10ヵ月

 シナモンくんが10ヵ月になった。もうそんなに経つのか。早いものである。
 去年の今頃は、未熟児で出ちゃうかも…その場合は…という最悪の事態はなんとかこえたものの、まだ手術後お腹が動き出さなかった。MFICUで相変わらず絶飲食でシナモンくんの入れ物を続けていた。

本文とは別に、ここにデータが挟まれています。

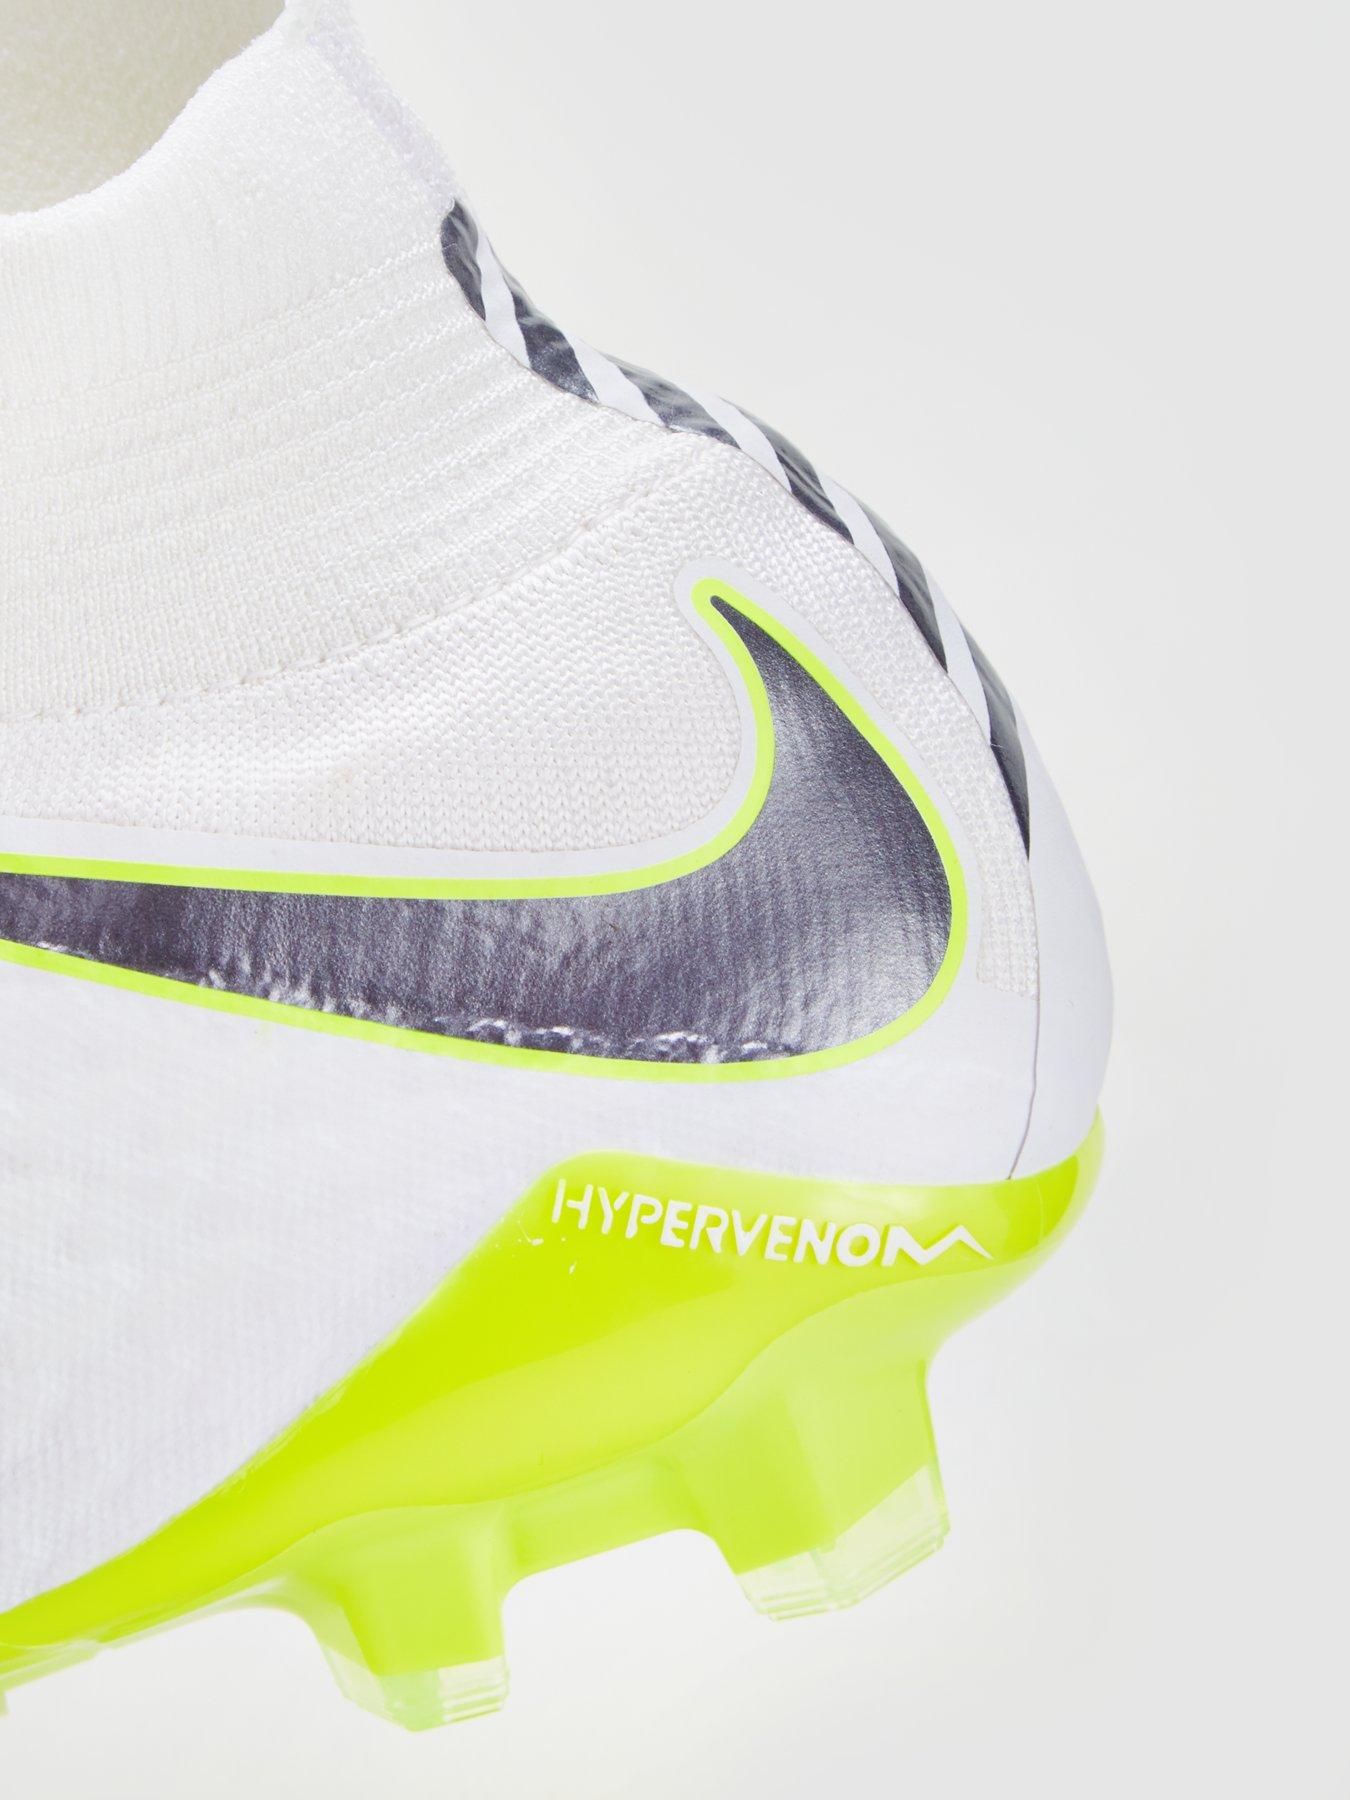 Nike Hypervenom 3 Df al miglior prezzo Trovaprezzi.it
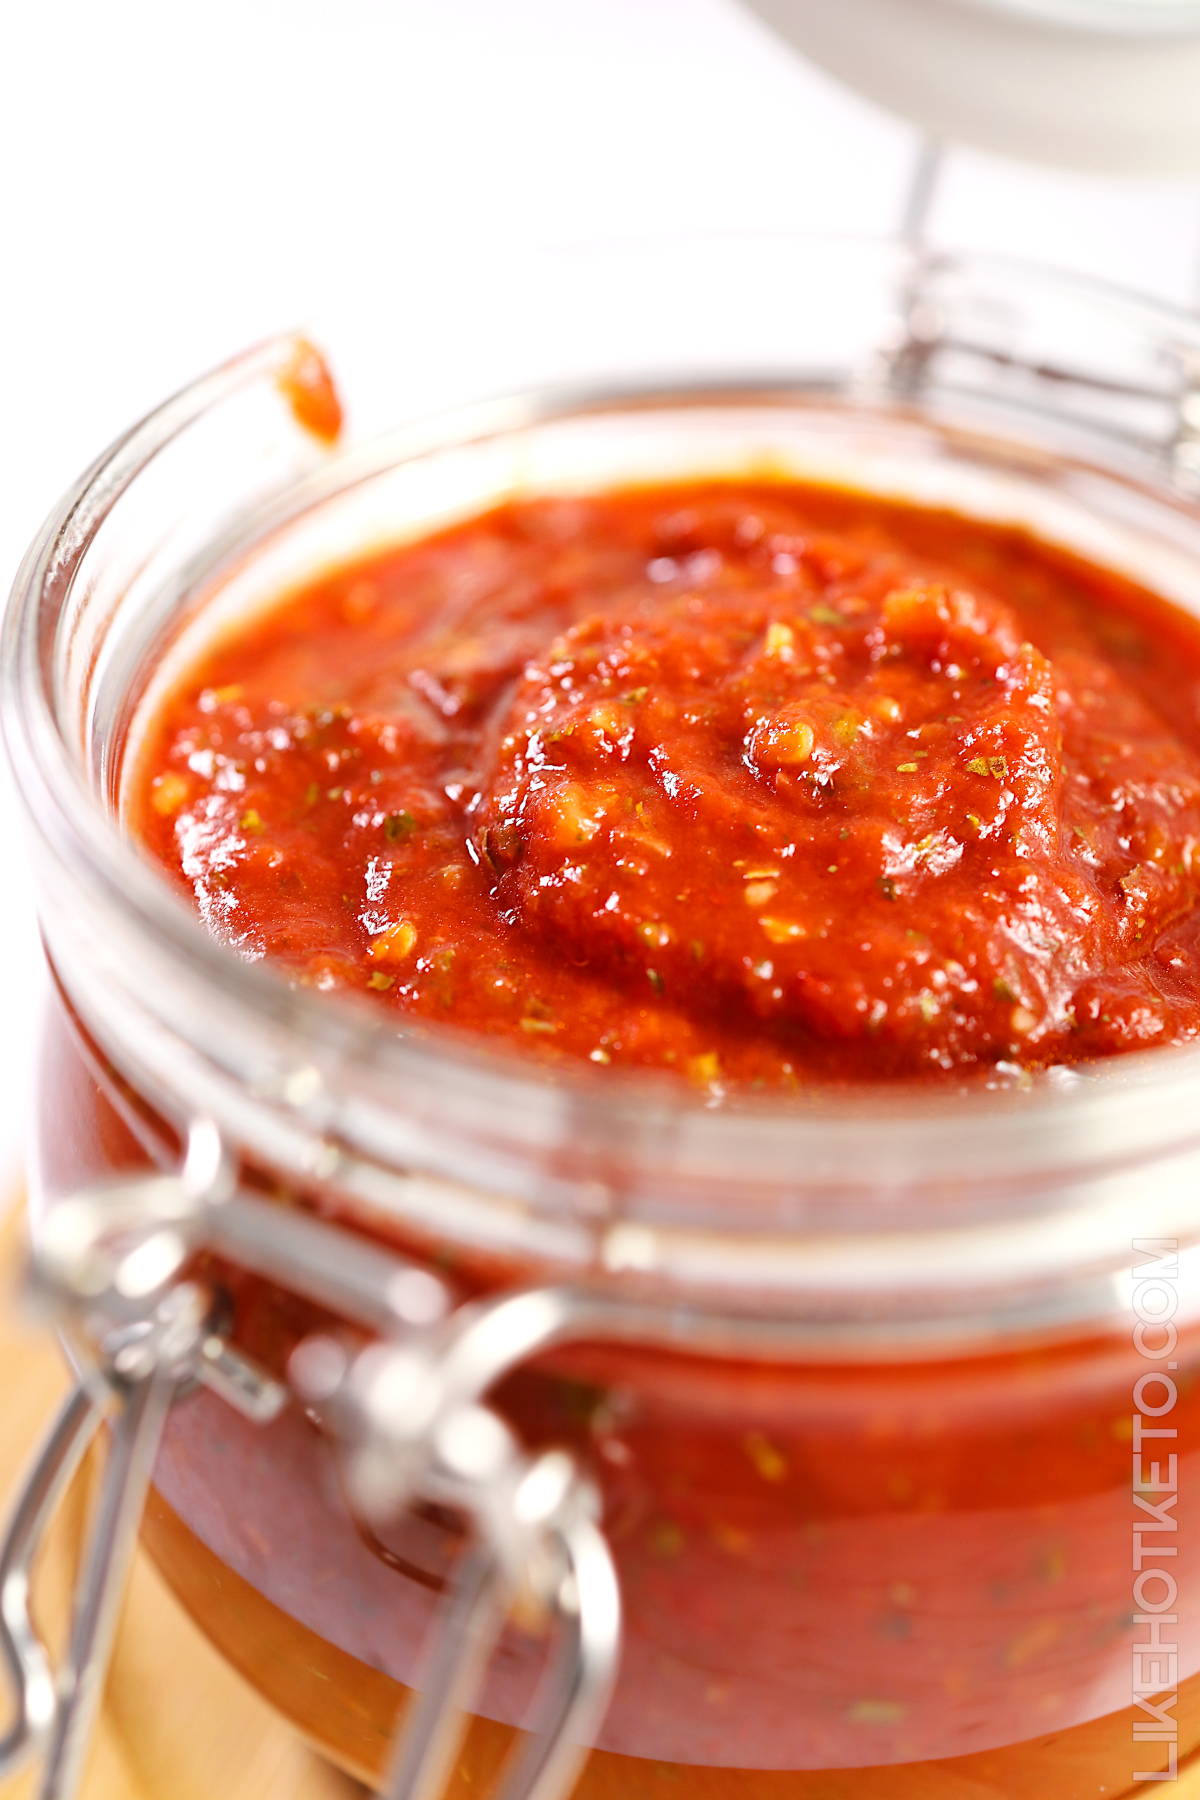 Mason jar with homemade tomato sauce.

 担当してくださった産婦人科のU田先生も困り顔で「お腹をもっと動かす薬はあるんですけどね。。。でも、それって陣痛促進剤なんですよねぇ」「はぁぁぁぁ、そりゃだめですよねぇぇ」なんて会話が繰り広げられていた。
 成程ねぇ、人間の体はうまくできてるというか、うまくいかないというか、と妙に納得させられた覚えがある。

 そんな状態だったシナモンくんがもう伝い歩きをしているなんて、ウソみたいだ。未熟児で出ちゃうかもって言ってたなんて言ったら、笑われる勢いで大きい。見るからに健康そのものである。昨日も知らないおばちゃんに「よ~ぉ肥えとるねぇ!」と声をかけられた。

 そんなとき、彼はたいていニコニコ顔になる。かまってもらうことが、とにかく嬉しいのだ。嬉しくて嬉しくて満面の笑みである。そんな彼を見て声をかけてくれた人も満足げに笑ってくれる。
 そんな風景を見る度に、人間、こうでなくては、と思い知らされるぽちであった。

 その昔、今ほどのお気楽者ではなかった(と思う)ぽちは、10年程前に大きく方針転換した。10年前といえば結婚した頃だ。夫が超のつく程のんき者(…よくいえばおおらか)なのである。
 見ていて悩むのがバカらしくなったのだ。心の底から。世の中これでいいんだ~、と思ったら結婚していた。人は何が長所とみなされるか、全く分からないものである。
 それにしても理由付けさえ上手くいけば、簡単に性格など変わるものなのだな。おかげでぽちもいろいろ悩まなければいけないのかもしれないが、のほほん生活である。

 彼の長所はどうやらシナモンくんもしっかり受け継いでいる。そうだ、しなもん、それでいいのだ。おおらかに育てよ。